Publié le:  20 août 2004

Témoignage présenté par Paul Pelchat à l’occasion des funérailles de tante Nise,

Soeur Bérénice Bégin, Soeur Marie-Madeleine de Pazzi des Sœurs Missionnaires Oblates

Qui aurait pu dire qu`aujoud`hui, au coeur de notre beau pays, une douzaine de membres de la famille de Joseph et Exélia Bégin allaient se joindre à la grande famille des Soeurs Missionnaires Oblates pour dire au revoir à Sr Marie-Madeleine de Pazzi?

Qui était Soeur Marie-Madeleine de Pazzi?

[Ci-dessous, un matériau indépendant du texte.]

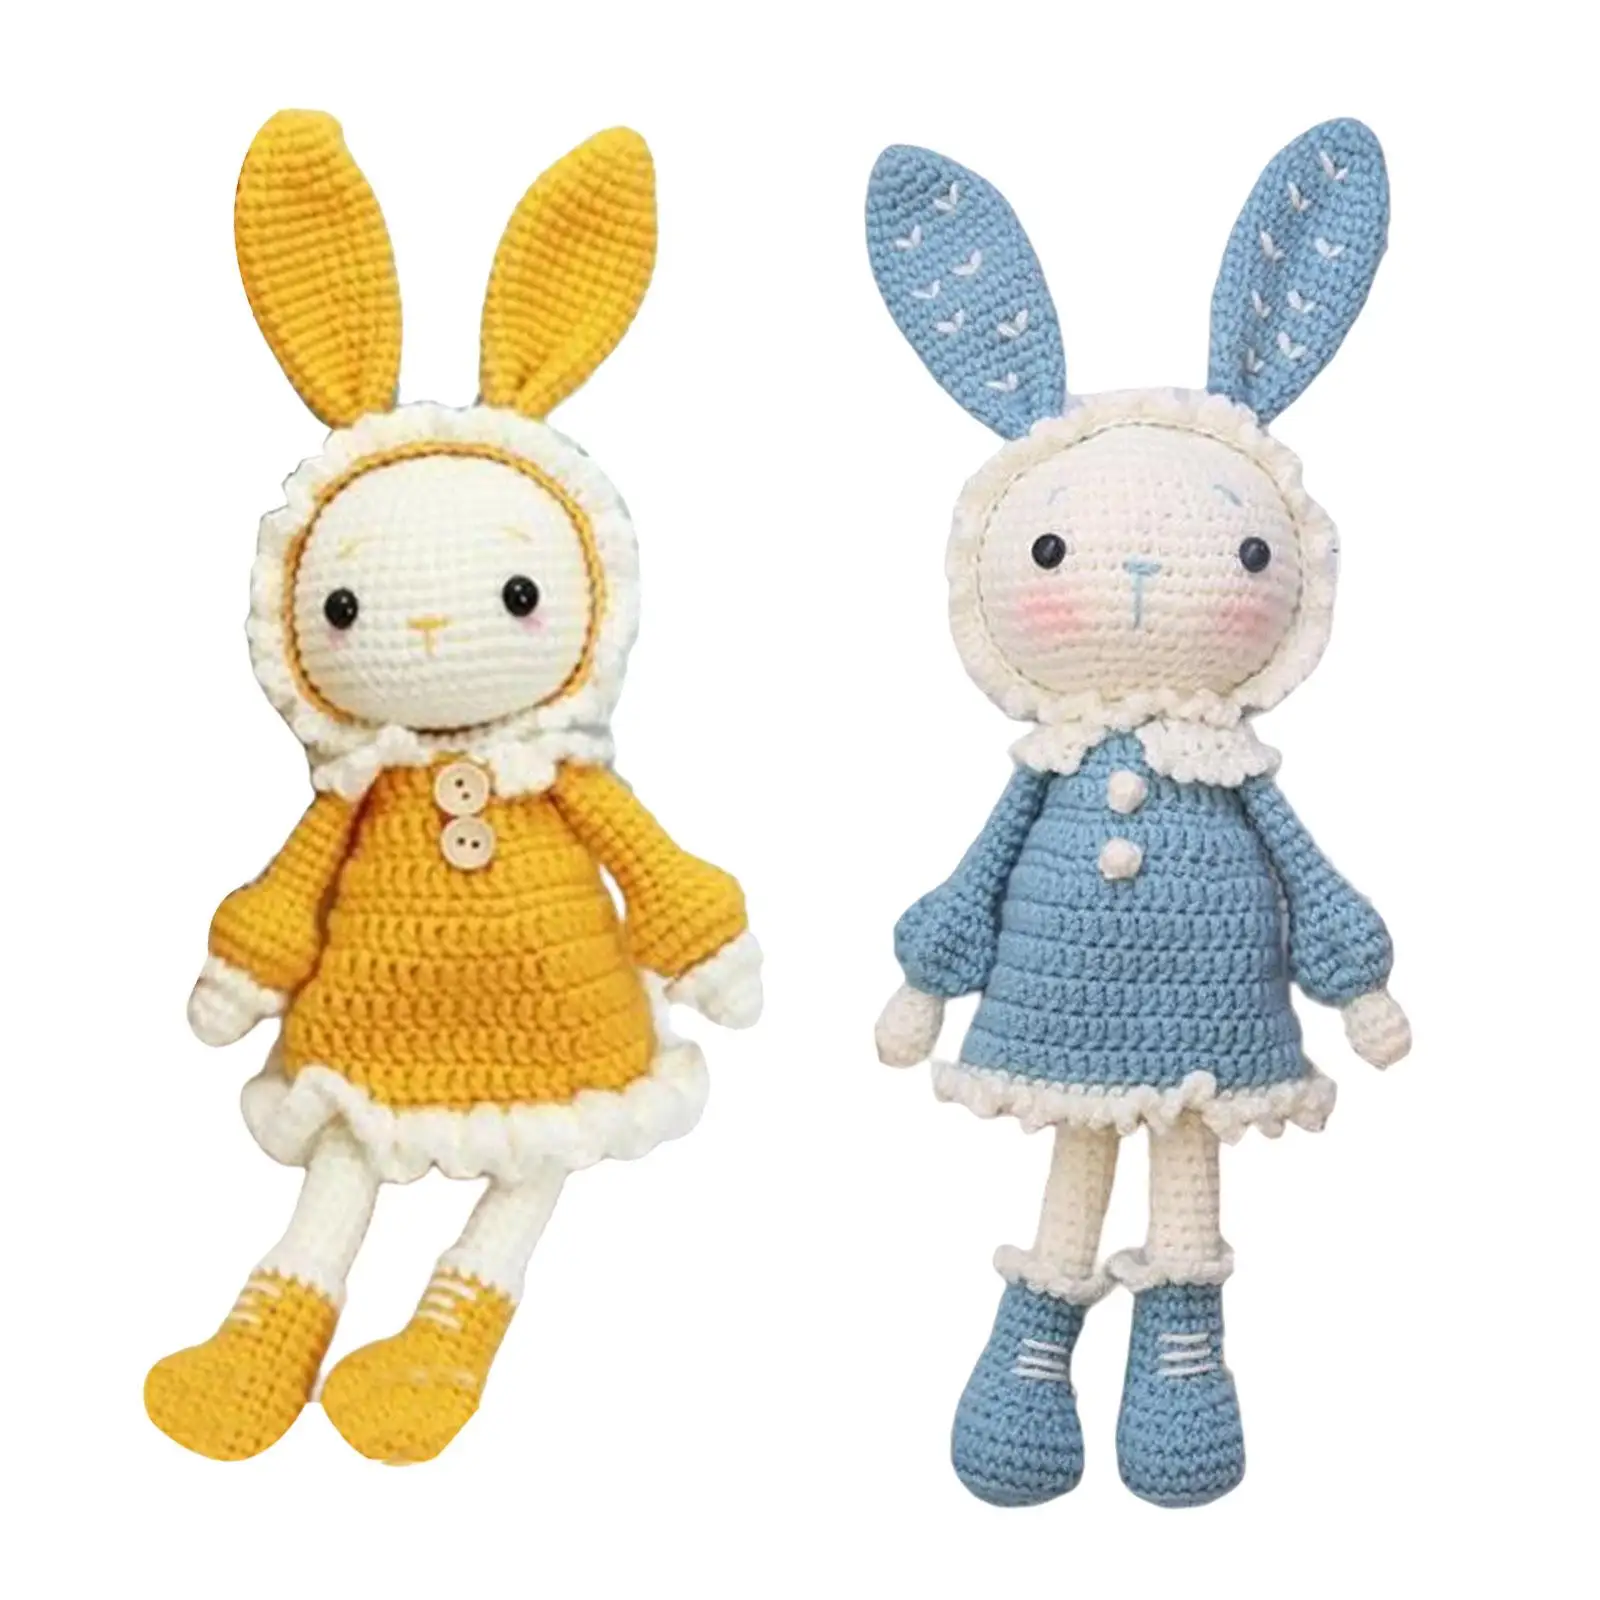 Crochet Kit for Beginners Rabbit Doll for Adults Crochet Craft Set

Celle que nous avons toujours appelé affectueusement : tante Nise. Qui était-elle pour nous? La huitième enfant d'une famille de seize, elle était tout autant à l'aise avec les plus vieux comme avec les plus jeunes. Au delà de son rire contagieux et de son sourire aimable, nous l'avons tous aimée, cette femme de caractère fort, pas têtue, mais tenace.

Elle est née à Breakeyville le 4 avril 1916. Après 23 années au Québec, elle a parcouru les trois belles provinces de l'ouest pendant plus de soixante ans en louant le Seigneur et elle a été fidèle à ses deux grandes familles: ses frères et soeurs et les Soeurs Missionaires Oblates. Aujourd'hui, c'est un réel réconfort de voir deux de ses soeurs, Gertrude et Victorine et neuf de ses neveux et nièces entourés de sa grande famille Oblate.

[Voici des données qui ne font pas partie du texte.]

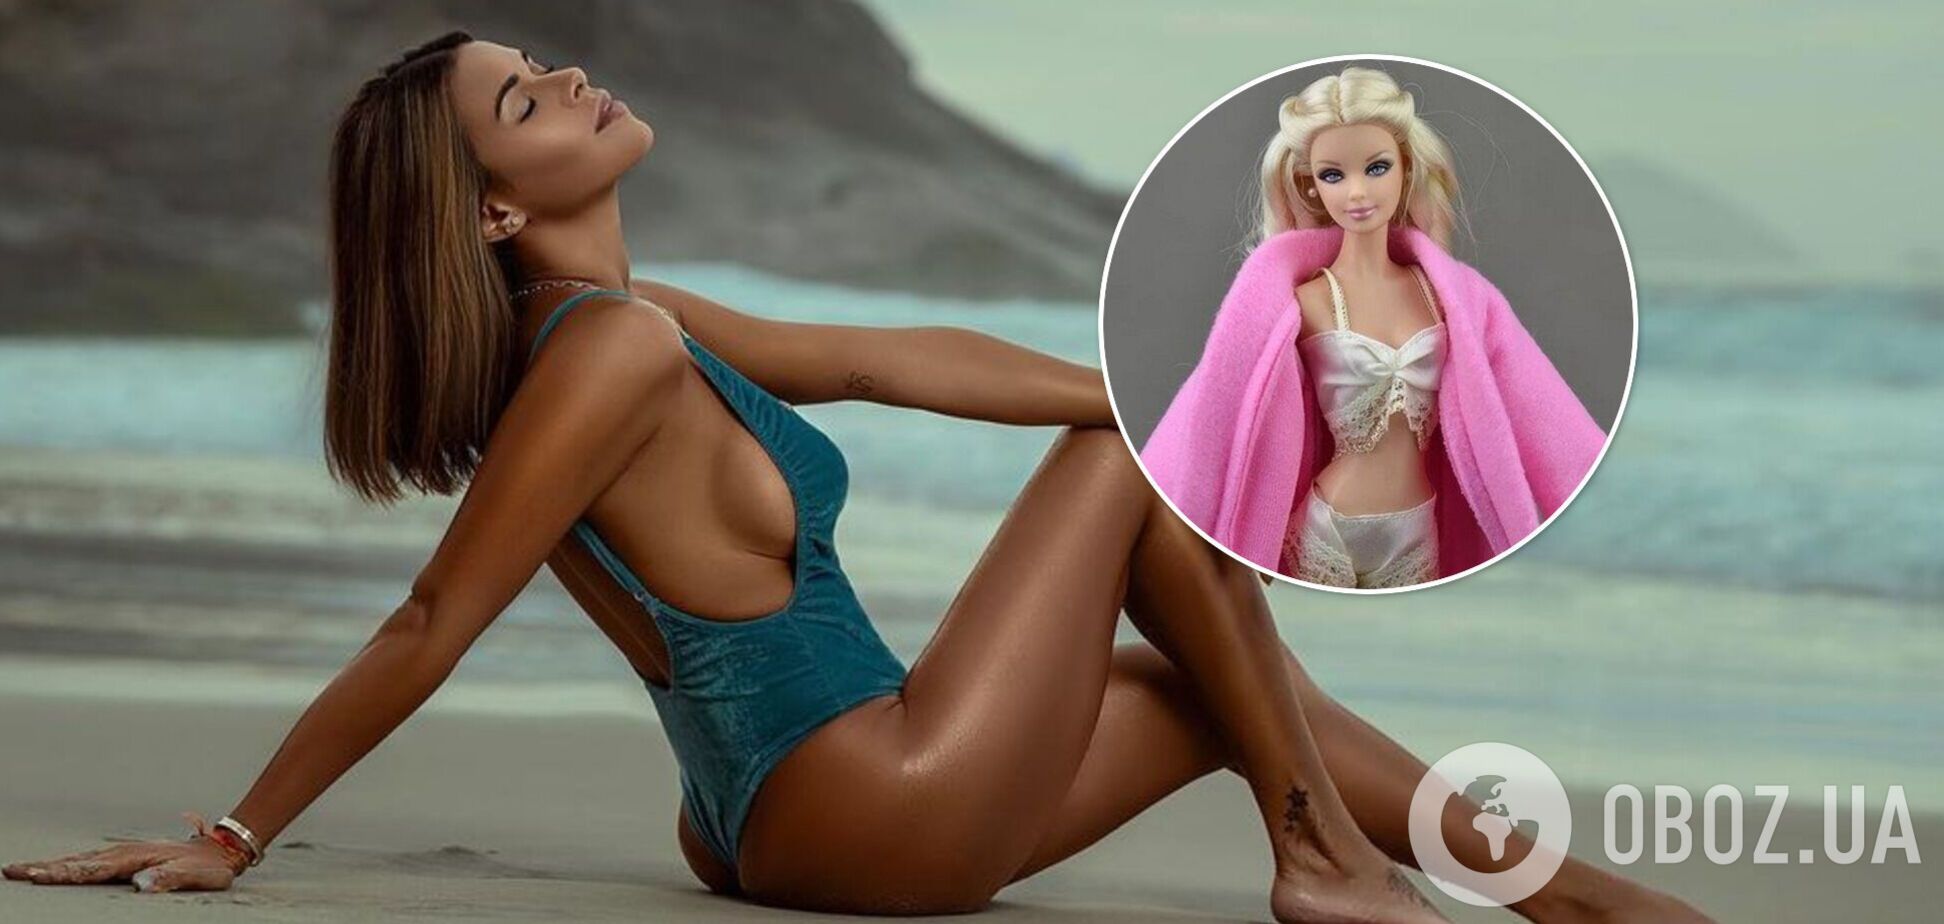 Модель Playboy, пропагандирующая мастурбацию, сделала себе 'талию куклы Барби'. Фото

Pour moi, Tante Nise était la personne un peu énigmatique qui venait de l'ouest, de loin, de l'inconnu et qui avait un attrait particulier. C'est au début des années 70 que je l'ai vraiment rencontrée lorsque j'étais de passage à St-Boniface. Elle avait ce même charisme que ses soeurs et je voyais en elle une bonne dame avec une voix chaude comme celle de ma mère.

Elle a été une femme de caractère. L'an dernier, elle avait dit à Pierre Sévigny : Quand je pensais quelque chose, je le faisais. J'ai donc décidé l'âge de 15 ans d'aller chez les Ursulines de Québec comme Julienne et Germaine. Lorsque j’y travaillais, je côtoyais les soeurs converts qui effectuaient des travaux manuels. C'est peut-être là qu'est apparu le premier signe de ma vocation. Mais à ce moment-là, j'ai dit non parce que ça ne m'intéressait pas et aussi parce que je ne voulais pas faire une soeur. Par contre, chaque fois que j'en voyais une, ça m'influencait un peu. J'avais aussi une autre bonne raison: J'avais Eugène dans l'idée... Il avait commencé à me courtiser depuis quelques temps. Tous les dimanches soirs, il arrivait à sept heures. J'étais à la fenêtre à l'avance pour le voir venir et lorsque j'entendais les grelots de sa sleigh à patins, mon coeur palpitait un peu. Hilaire, mon frère, disait qu'il tait temps qu'Eugène arrive car il avait peur que je mange les barreaux du chassis.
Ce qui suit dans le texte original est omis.